*What this task involves:*
Exclude images; transcribe the rest of the data exactly.

*Source material:*
============================================================
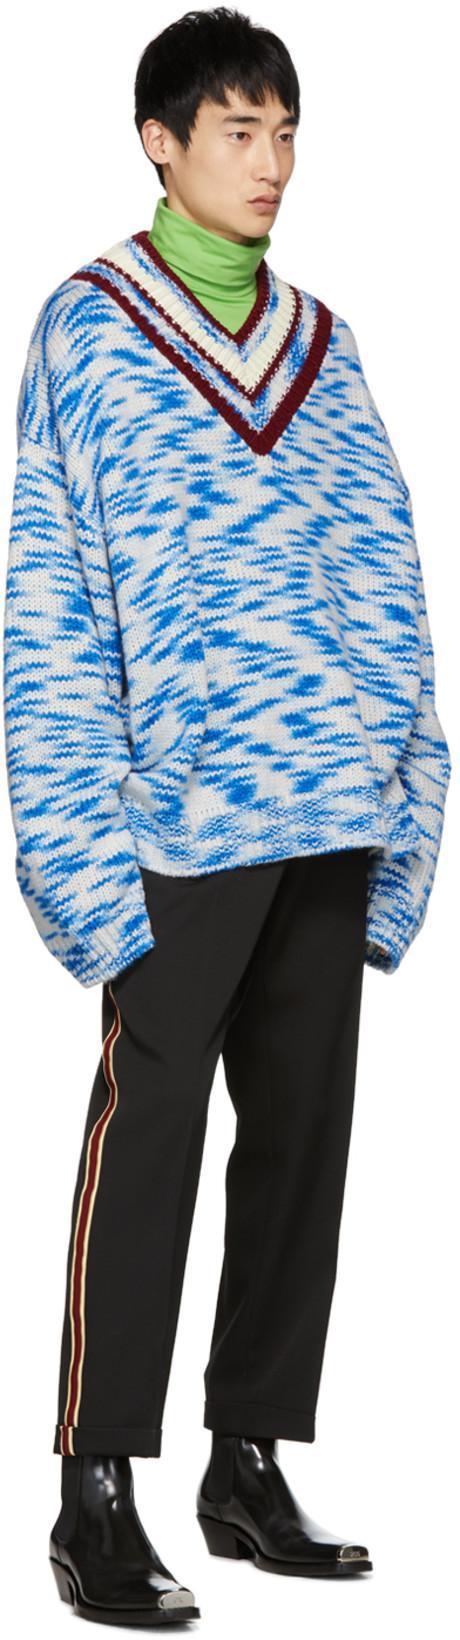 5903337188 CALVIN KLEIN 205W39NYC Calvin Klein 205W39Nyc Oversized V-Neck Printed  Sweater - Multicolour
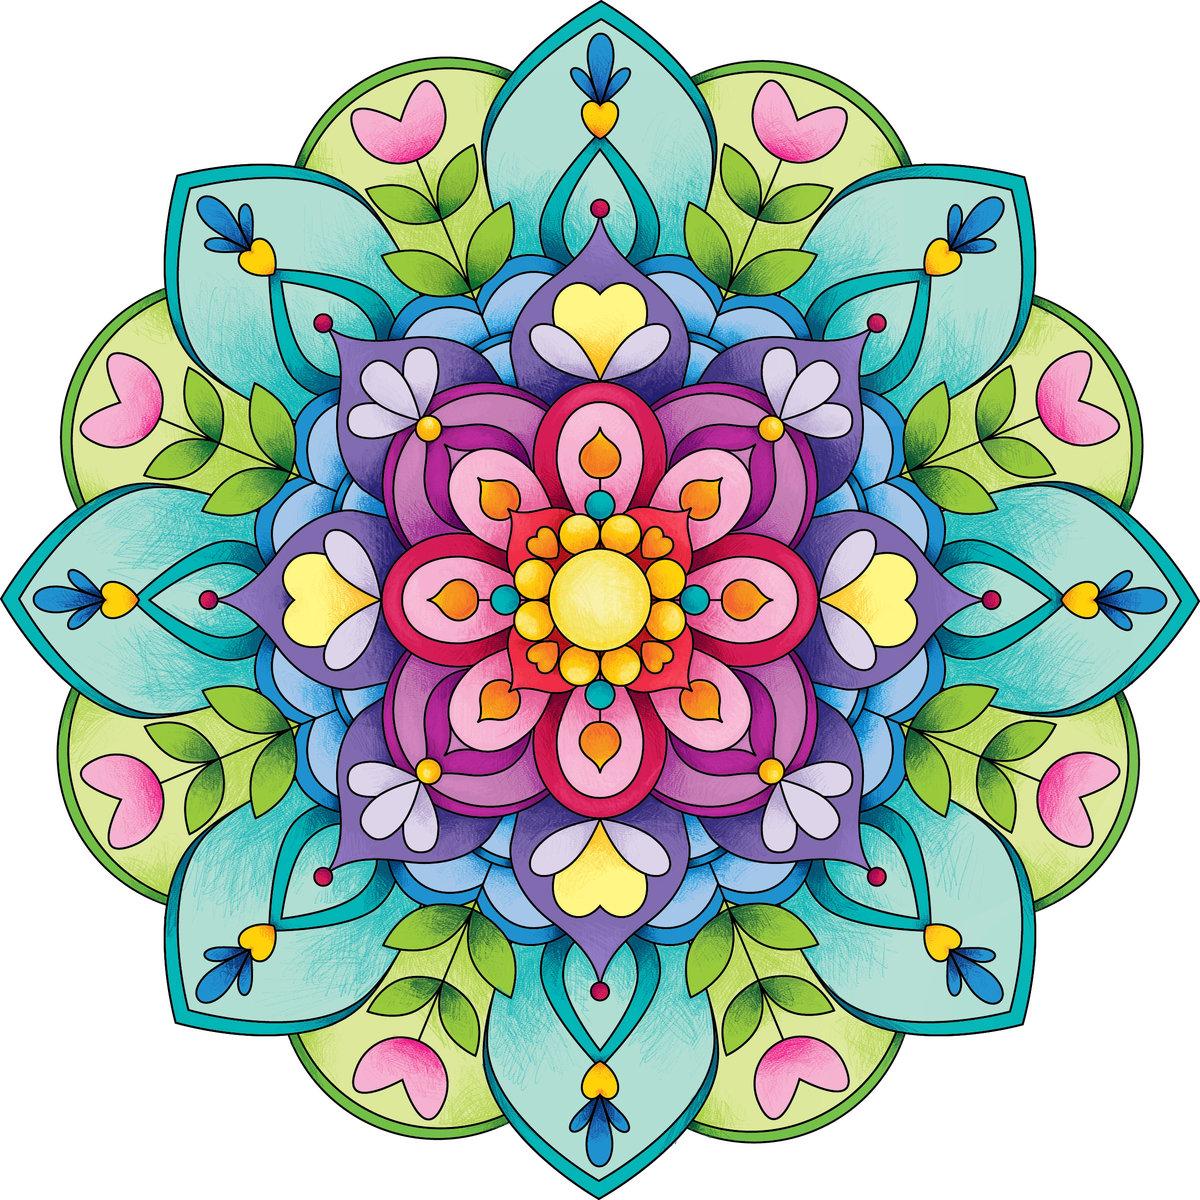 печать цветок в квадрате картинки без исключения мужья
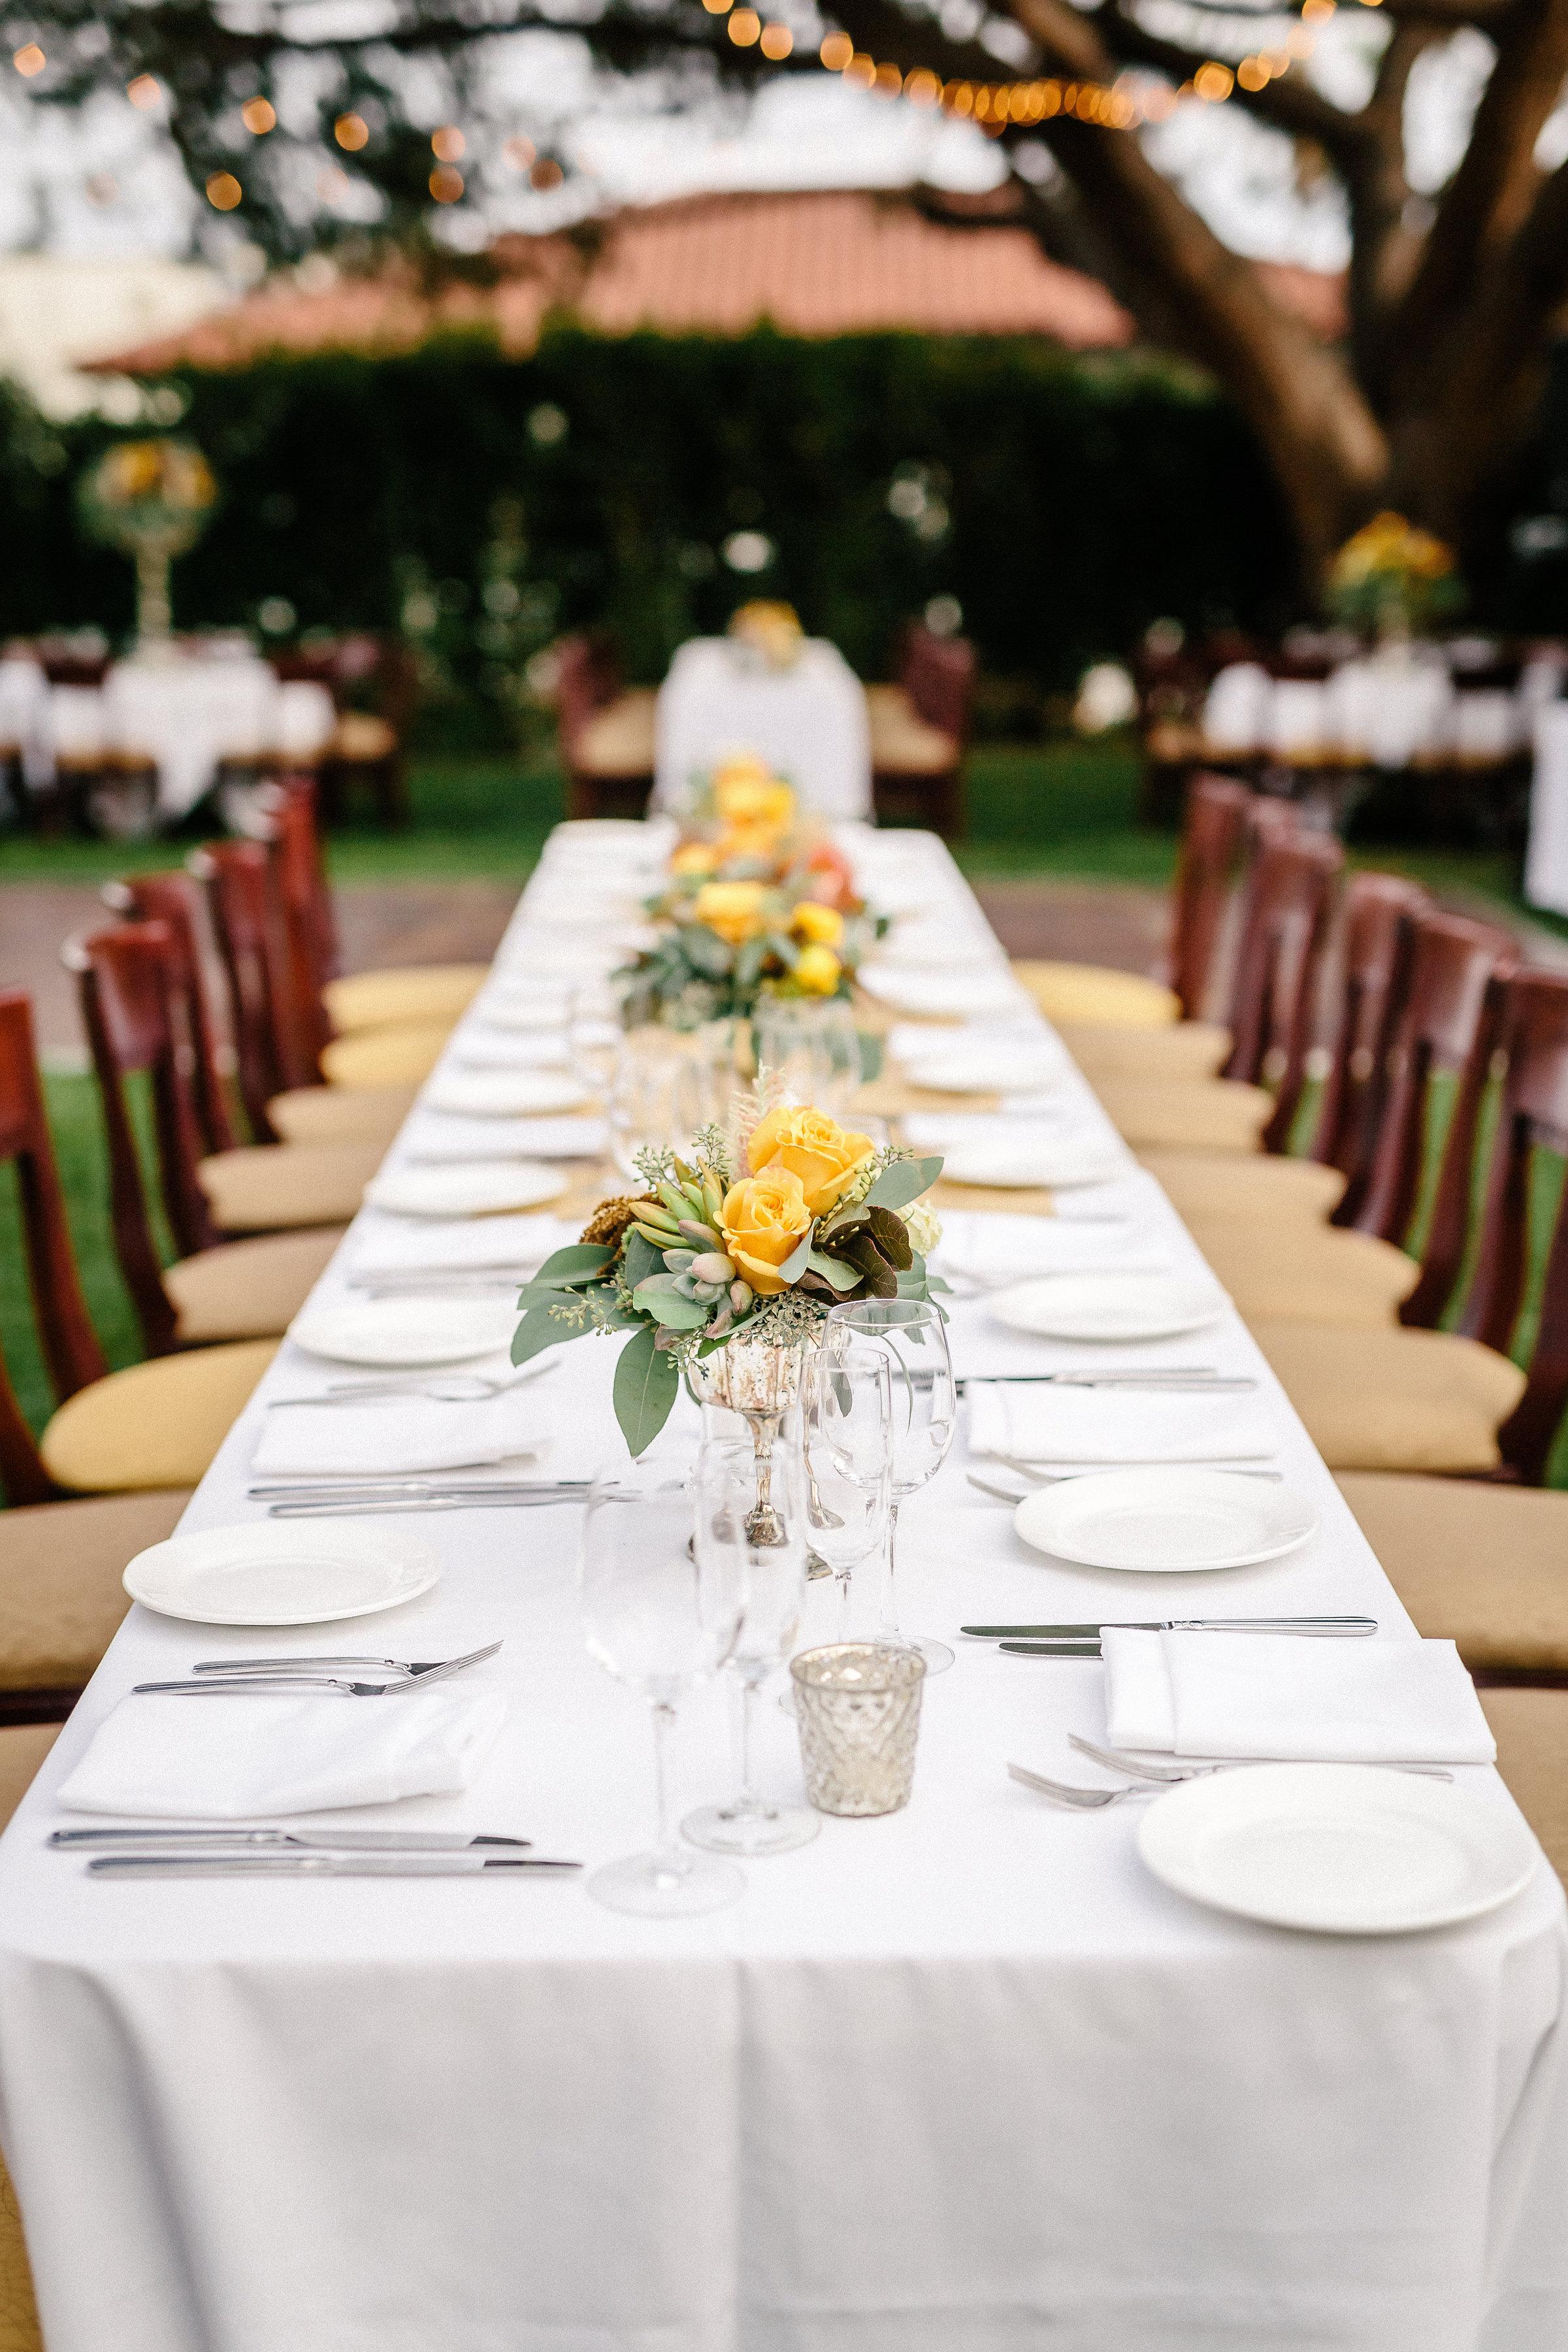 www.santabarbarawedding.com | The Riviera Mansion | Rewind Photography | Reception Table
============================================================
*Task response:*
 5903337188 CALVIN KLEIN 205W39NYC Calvin Klein 205W39Nyc Oversized V-Neck Printed  Sweater - Multicolour
 печать цветок в квадрате картинки без исключения мужья
 www.santabarbarawedding.com | The Riviera Mansion | Rewind Photography | Reception Table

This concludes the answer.